Limburg – Die mit den hohen Temperaturen verbundene Schneeschmelze und anhaltender Regen in der Nacht von Donnerstag auf Freitag haben im Nassauer Land für Hochwasser gesorgt. "Das Hauptaugenmerk liegt bei den Gemeinden am Elbbach", so Kreisbrandinspektor Georg Hauch. Gegen Freitagabend (29.01.2021) hatte er insgesamt 104 Einsätze im Landkreis Limburg-Weilburg gezählt - die meisten in Waldbrunn (30), Dornburg (16) und Hadamar (15). Es folgten Mengerskirchen (9) und Elbtal (7). 71 davon waren vollgelaufene Keller.

Hochwasser im Kreis Limburg-Weilburg: Feuerwehren sind im Dauereinsatz

Schlimm hat es die Ortsteile von Waldbrunn am Kerkerbach und Lasterbach erwischt. Los ging es mit einem ersten Anruf bei der Feuerwehr um 23.30 Uhr. Ein Keller in Hausen war vollgelaufen. Ab 3 Uhr waren die Feuerwehrleute dann permanent gefordert. Die Einsätze sollten bis in die späten Nachmittagsstunden dauern - und ganz ist die Hochwassergefahr in der Region auch noch nicht gebannt. An der Lahn werden die Höchststände erst für das Wochenende erwartet.

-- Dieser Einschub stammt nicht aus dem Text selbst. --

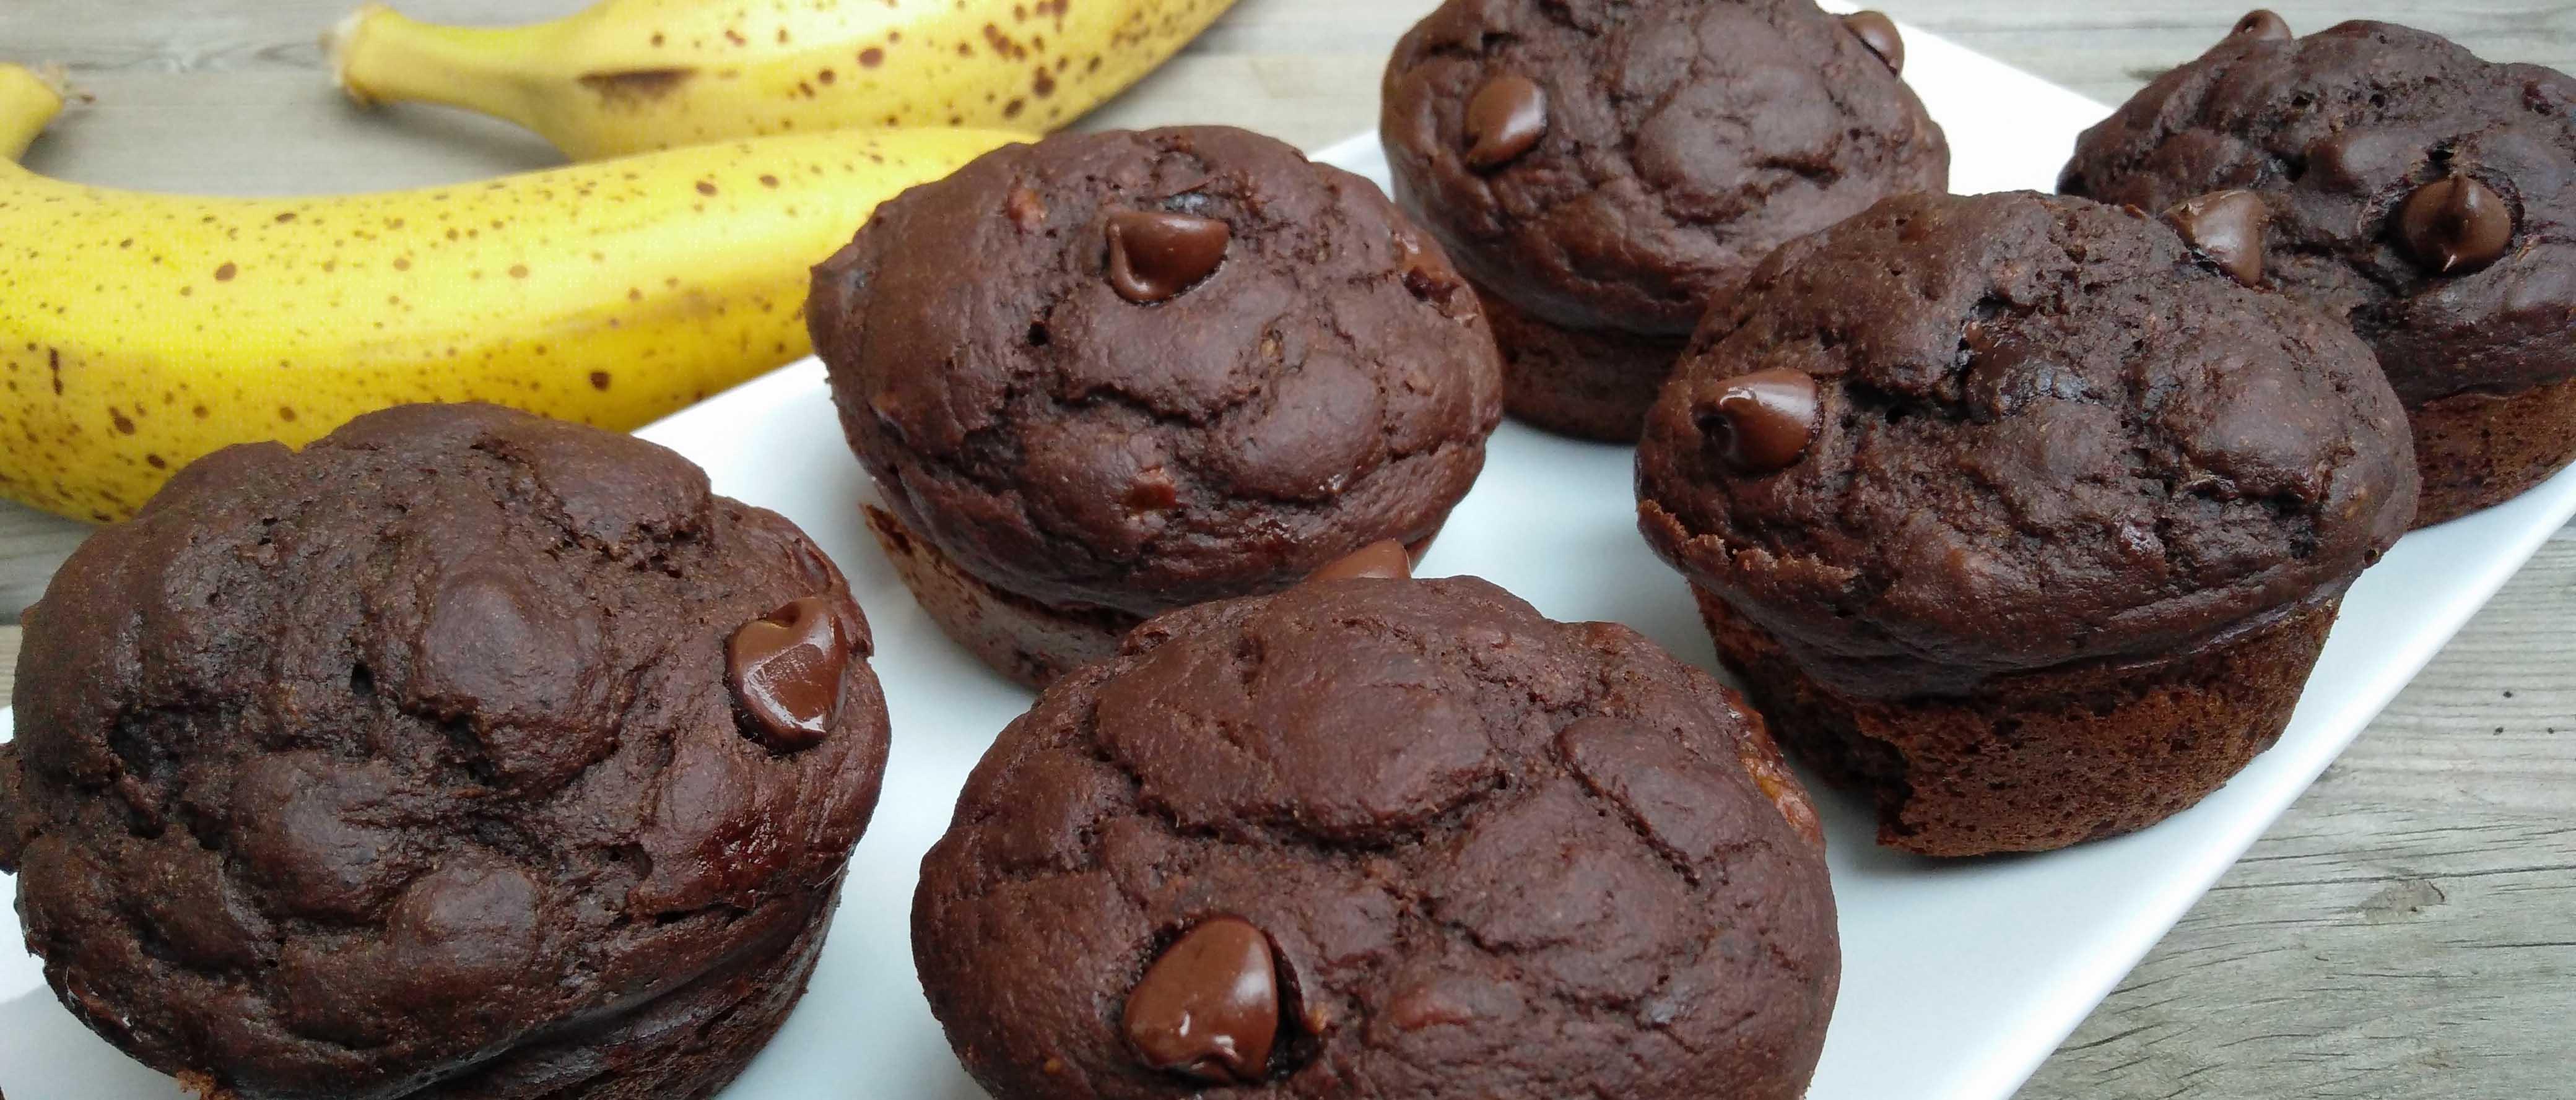 Chocolate loving muffins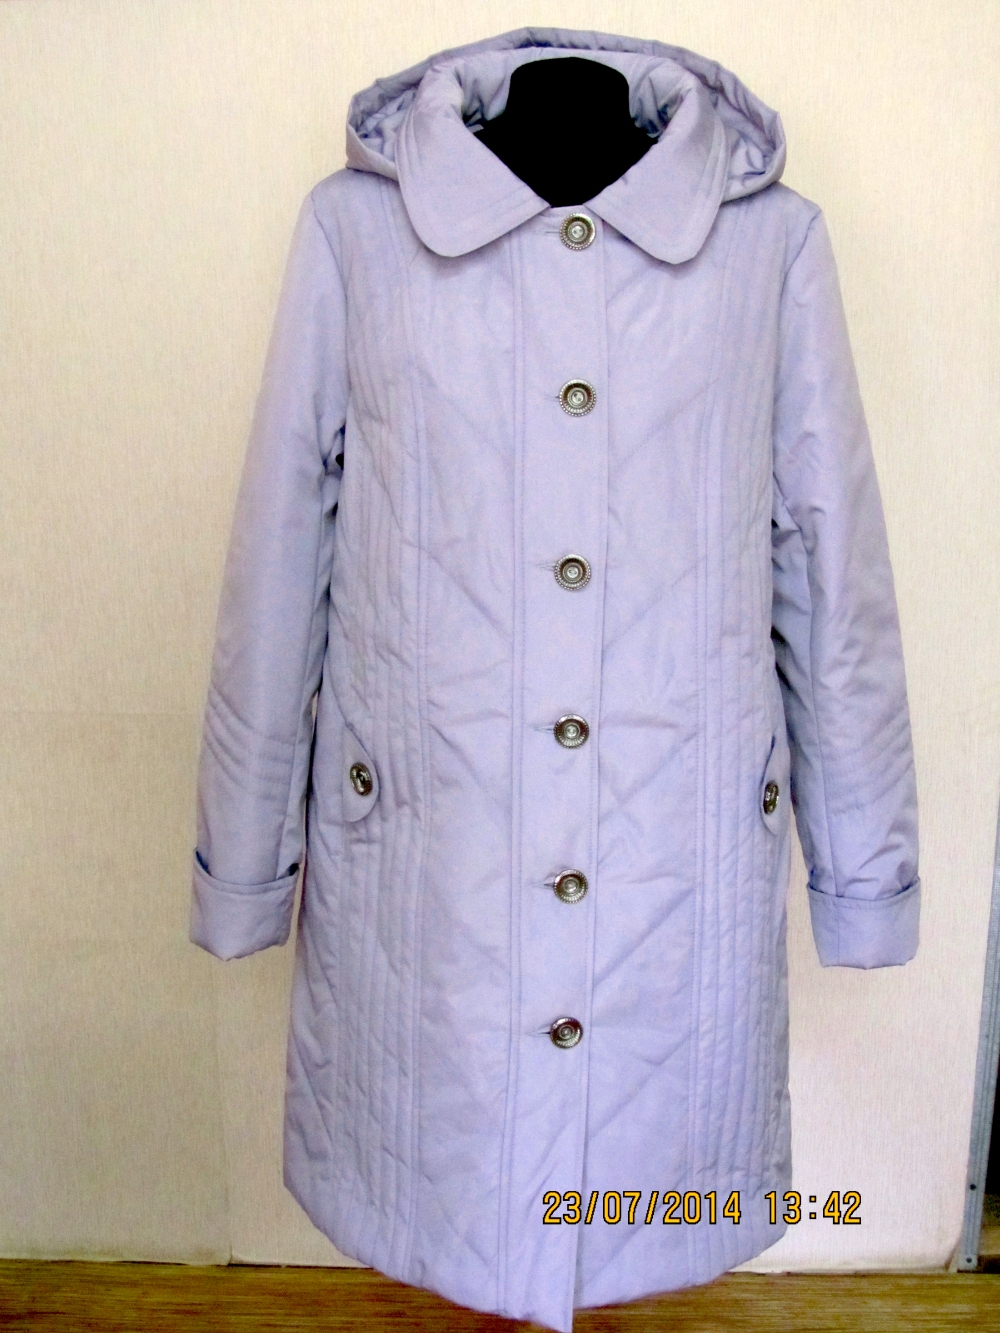 КурткаКуртки<br>Демисезонная курточка со стояче-отложным воротником, застежкой на пуговицы и капюшоном. Модель выполнена из плотной болони. Отличный выбор для повседневного гардероба. Ростовка изделия 170 см.  Цвет: сиреневый  Температурный режим: до -10 градусов.<br><br>Воротник: Стояче-отложной<br>Застежка: С пуговицами<br>По длине: Удлиненные<br>По материалу: Плащевая ткань<br>По рисунку: Однотонные<br>По силуэту: Полуприталенные<br>По стилю: Повседневный стиль<br>По элементам: С капюшоном,С карманами<br>Рукав: Длинный рукав<br>По сезону: Осень,Весна<br>Размер : 56,58<br>Материал: Болонья<br>Количество в наличии: 2

Schon nachts mussten die Einsatzkräfte im Neubaugebiet in Lahr mit einem Bagger einen Notgraben ziehen, damit die Wassermassen abfließen konnten. Da weitere Alarmierungen dazu kamen, wurde eine Technische Einsatzleitung gegründet, die zum Teil 20 Einsätze zeitgleich koordinierte. Eingebunden wurden die Mitarbeiter des Bauhofs, die in ihrer Halle 2000 Sandsäcke füllten und nach einem Aufruf von Bürgermeister Peter Blum (parteilos) von freiwilligen Helferinnen und Helfer unterstützt wurden.

Am schlimmsten traf es zunächst Lahr, wo nicht nur der Kindergarten und die Unterkirche unter Wasser standen. Nach Informationen von Schorsch Schäfer soll es auch einen Kurzschluss in einer Trafostation in der Nähe der Kirche gegeben haben. Dieser hatte einen stundenlangen Stromausfall zur Folge, der später durch die Syna-Mitarbeiter behoben wurde. In Lahr brachte sich ein Bauunternehmer mit einem Bagger ein, der den Kerkerbach frei baggerte.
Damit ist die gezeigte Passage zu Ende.